Chuck Norris is known for his modesty but readily admits that he is the 8th wonder of the natural world.

Chuck Norris' roundhouse kick is so powerful; it can be seen from outer space by the naked eye.

Chuck Norris doesn't believe in Germany.

Chuck Norris goes to the toilet once a month, if he needs to or not.

Chuck Norris wears a live rattlesnake as a condom.

Chuck Norris can cut onions without crying.

Chuck Norris burned down an entire forest when he was experimenting with water.

There are in fact 31 letters of the English alphabet however only Chuck Norris knows what the extra 5 letters are.

Occasionally Chuck Norris will call up the power rangers just to  say hi.

Chuck Norris has no concept of time; if you go to his house you won't find a single clock.

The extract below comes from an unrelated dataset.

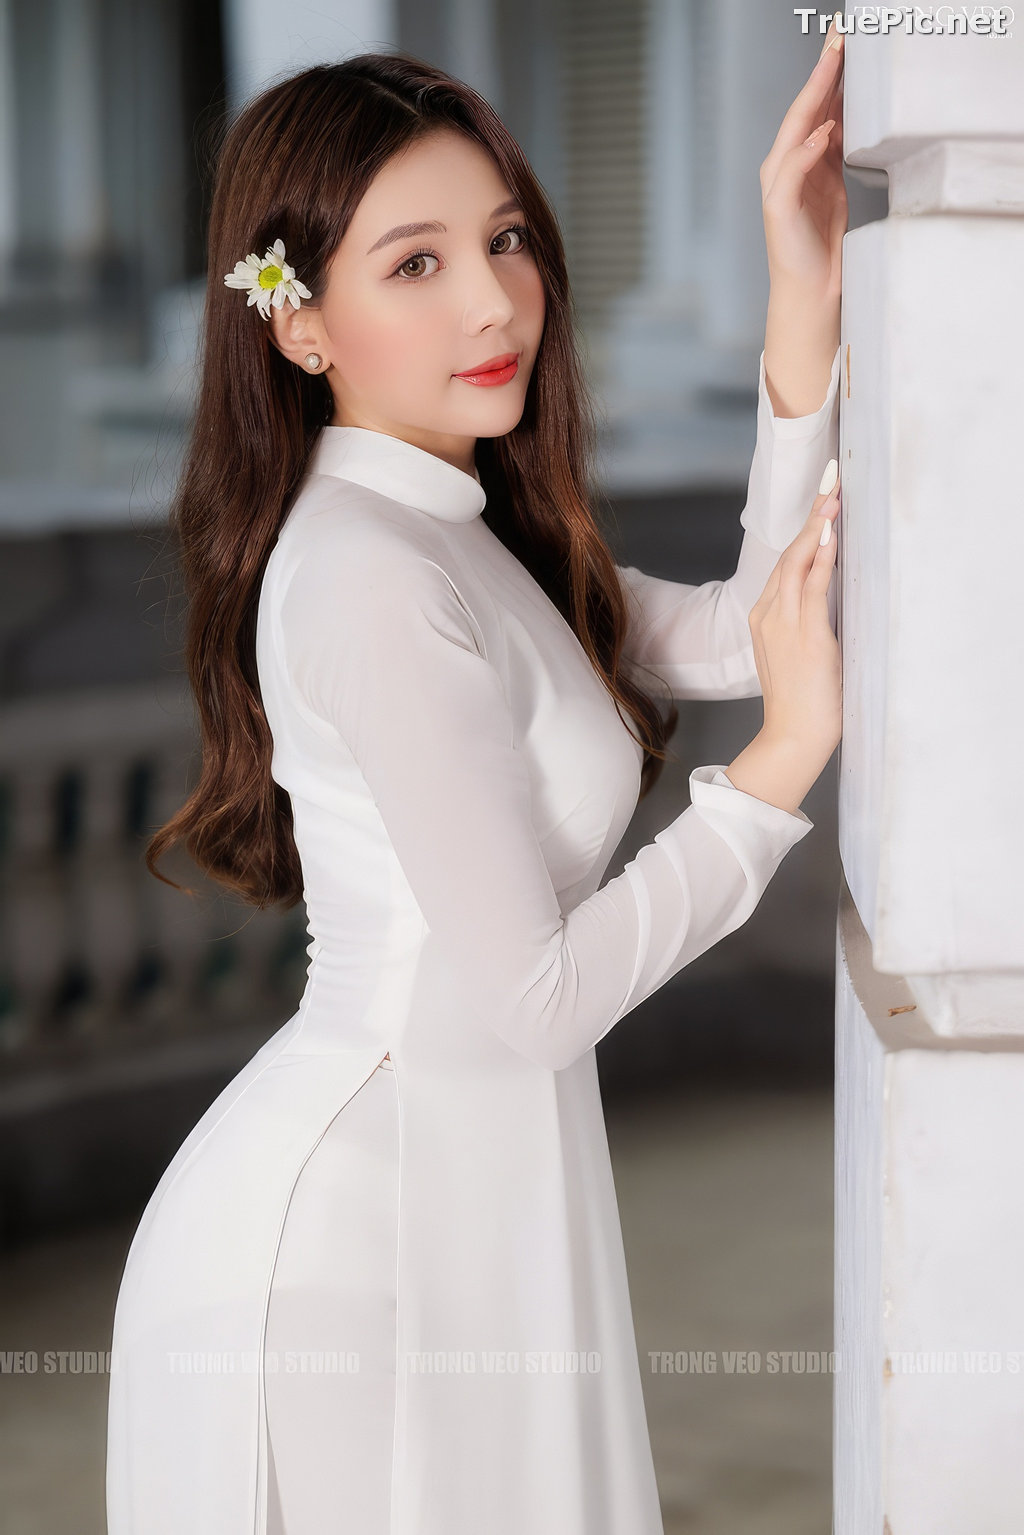 Image Vietnamese Model - Beautiful Girl and Daisy Flower - TruePic.net (129 pictures) - Picture-92

When you ask to leave because it's getting late he stares at you blankly until you sit back down.

If you want a list of Chuck Norris' enemies just check the extinct species list.

Chuck Norris has never blinked in his entire life. Never.

Chuck Norris can believe it's not butter.

Chuck Norris once ate a banana without having to peel it.

If Chuck Norris had a dollar and you had a dollar, Chuck would kick your ass and take your dollar.

When Chuck Norris's wife burned the turkey one thanksgiving, Chuck said, "don't worry about it honey," and went into his  backyard. He came back five minutes later with a live turkey, ate it whole, and when he threw it up a few seconds later it was fully cooked and came with cranberry sauce.  When his wife asked him how he had done it, he gave her a roundhouse kick to the face and said, "Never question Chuck Norris."

We once had a bachelor party for Chuck Norris. He ate the entire cake before we could tell him there was a stripper in it.

Every piece of furniture in Chuck Norris' house is a total gym.

Chuck Norris once shot a German plane down with his finger, by yelling, "Bang!"

In a recent interview, Chuck Norris told Entertainment Tonight co-host Mary Hart that his most memorable role was when he played the third breast on the hooker in "total recall".

Chuck Norris once did a back flip off the Great Wall of China.

Chuck Norris doesn't need to swallow when eating food.

Chuck Norris can divide by zero

Chuck Norris caught all 386 Pokemôn in just under 2.7 seconds. He says he
won't trade any of them for anything.

If superman and the flash were to race to the edge of space you know who would win: Chuck Norris.

Ironically, Chuck Norris' hidden talent is invisibility.

Chuck Norris eats transformer toys in vehicle mode and poops them out transformed into a robot.

In one episode of fresh prince of bel air, Chuck Norris replaced  Carlton for one scene and nobody noticed.

Contrary to popular belief, Chuck Norris was dropped at Hiroshima and Nagasaki.

Chuck Norris broke his own leg, purely for the sake of winning the Special Olympics.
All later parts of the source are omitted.